And S132, acquiring an accurate new position of the pedestrian target to be tracked, wherein the main method is to perform correlation matching on the rough new position of the pedestrian target to be tracked acquired in the step S131 and each pedestrian target position acquired by the detection module, and select the best matched pedestrian target position as the accurate new position of the pedestrian target to be tracked in the current frame image. The IOU (interaction over Union) matching degree adopted by the invention is used as an association matching function, and any other similarity measurement function can be used as the association matching function. And when the matching degree of the best matched pedestrian target is greater than a certain threshold value, recognizing that the pedestrian target in the current frame image has a corresponding history record in the previous frame image, namely that the pedestrian target in the current frame image is a trackable pedestrian target. And when the matching degree of the best matched pedestrian target is lower than a certain threshold value, determining that the pedestrian target in the current frame image has no corresponding history record in the previous frame image, namely that the pedestrian target in the current frame image is a newly appeared pedestrian target.
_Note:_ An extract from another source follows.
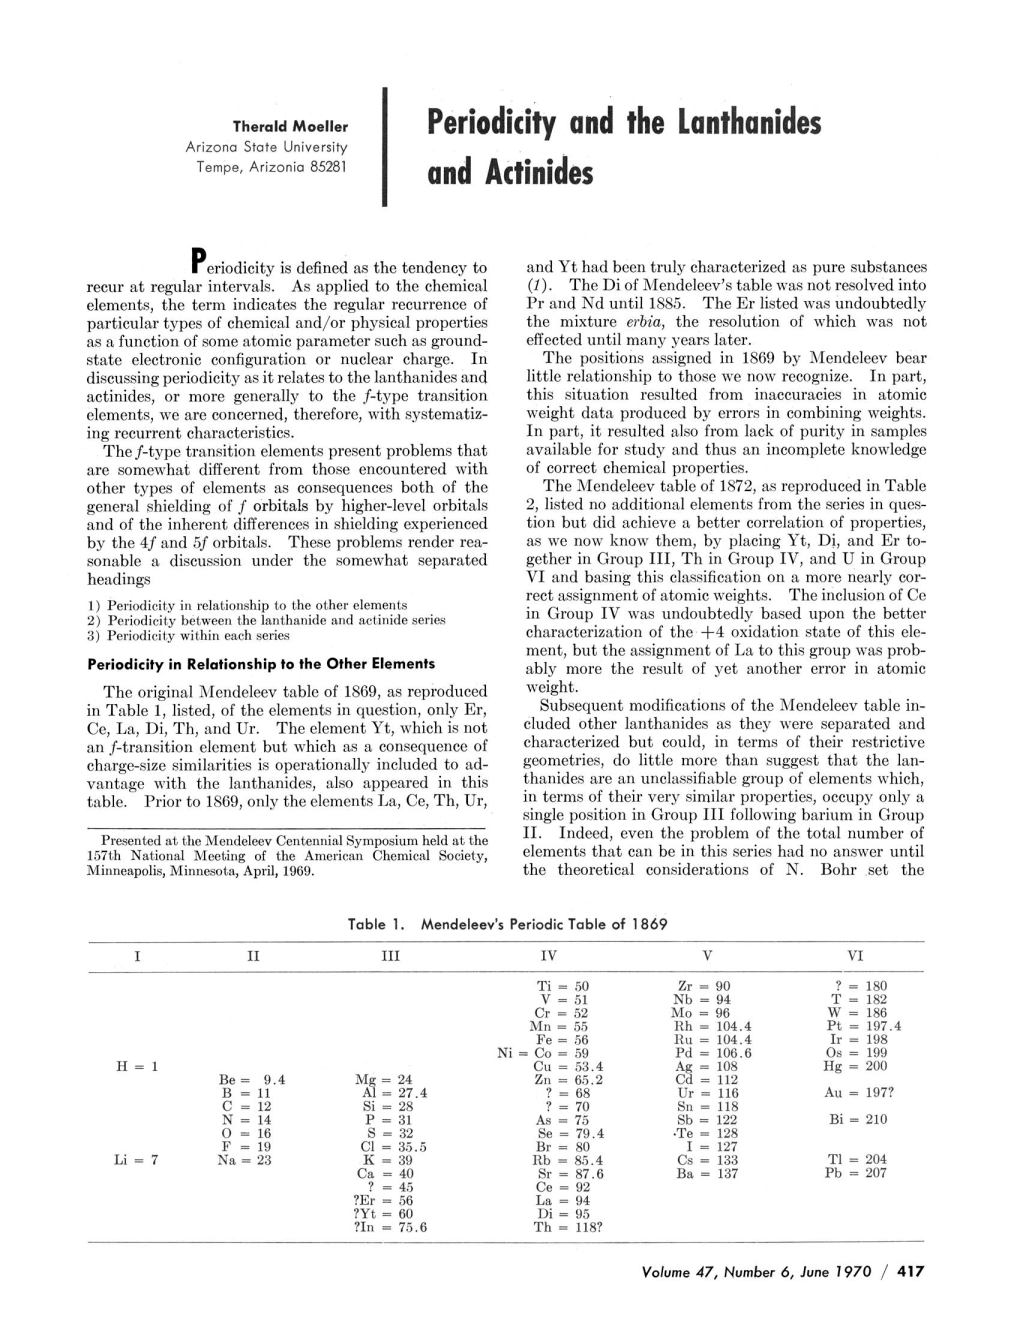 Periodicity and the Lanthanides and Actinides
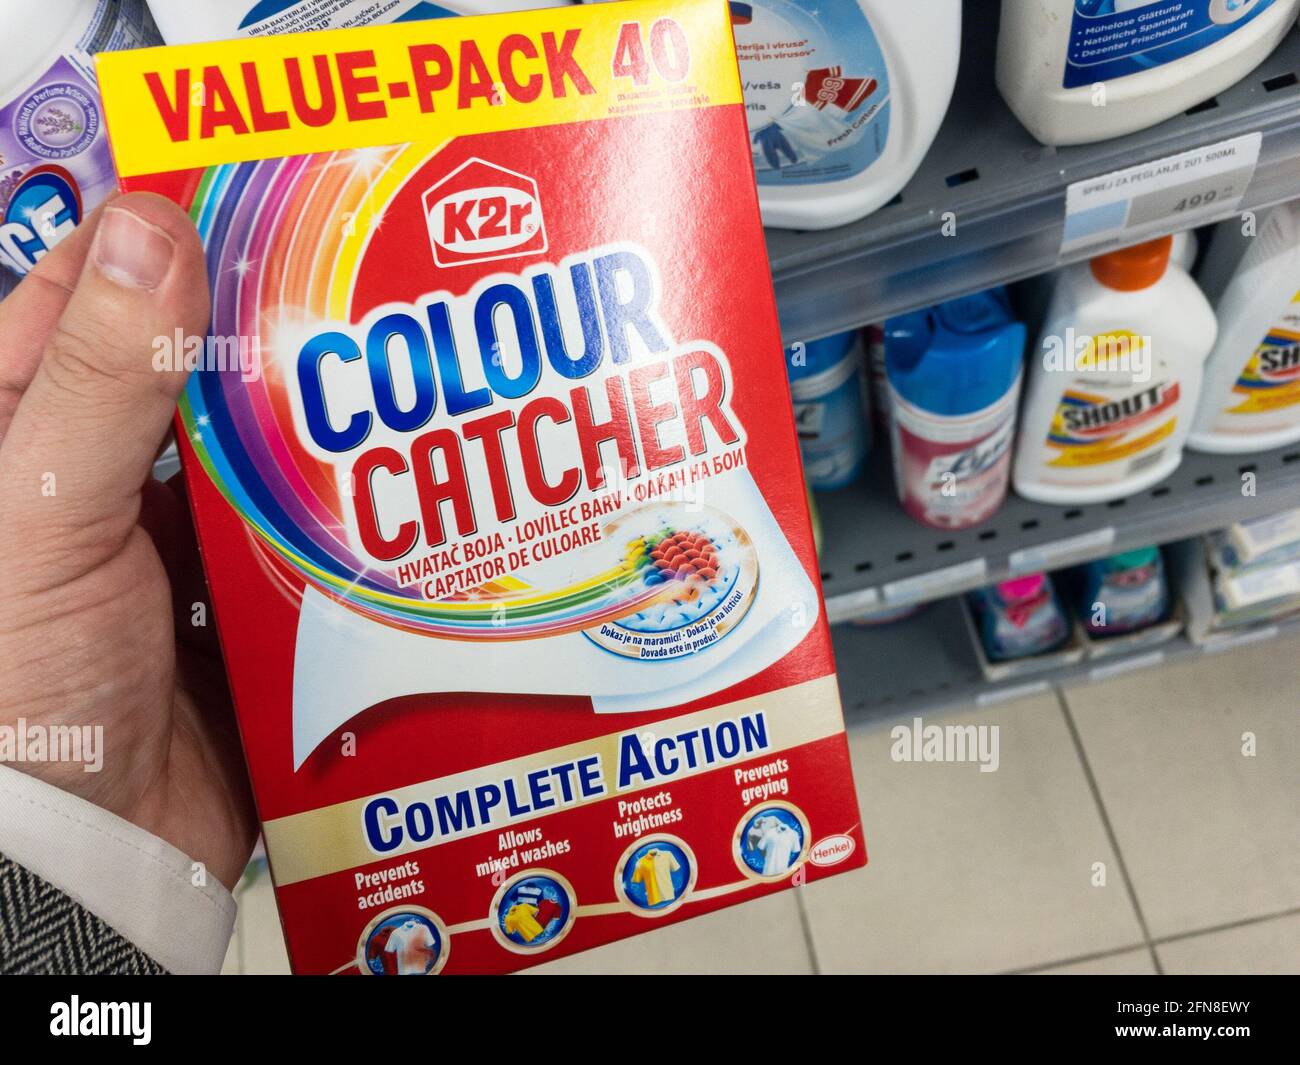 https://c8.alamy.com/comp/2FN8EWY/picture-of-a-pack-with-the-logo-of-k2r-colour-catcher-for-sale-k2r-colour-catcher-is-a-brand-of-sheets-and-wipes-made-for-color-absorption-in-laundry-2FN8EWY.jpg

And S133, updating the pedestrian target to be tracked, and mainly generating a new previous frame image and a new existing pedestrian target in the previous frame according to the position of the pedestrian target in the current frame image. Firstly, changing the current frame image into the previous frame image, and then updating the position information of the known pedestrian target in the previous frame image according to the trackable pedestrian target and the newly appeared pedestrian target acquired in the step S132; when a certain pedestrian target in the previous frame image is not associated with the pedestrian target in the current frame image in step S132, the pedestrian target is considered to disappear in the video frame, and the corresponding tracking record should be deleted.
S2, training a deep neural network model:
after the deep neural network model is designed, pedestrian video images under various scenes are collected and sent into the deep neural network model to learn relevant model parameters, and the method specifically comprises the following steps:
and S21, collecting pedestrian videos, wherein the pedestrian videos are mainly collected under various scenes, various light rays and various angles.
S22, marking pedestrian movement position information, mainly marking the pedestrian position information in each frame of image in the video and the movement information between different frames of movement image pairs, and specifically comprising the following steps:
s221, marking pedestrian target position information, wherein the pedestrian position in each frame of image in the video is acquired as the pedestrian position information by using the existing pedestrian detection frame based on deep learning.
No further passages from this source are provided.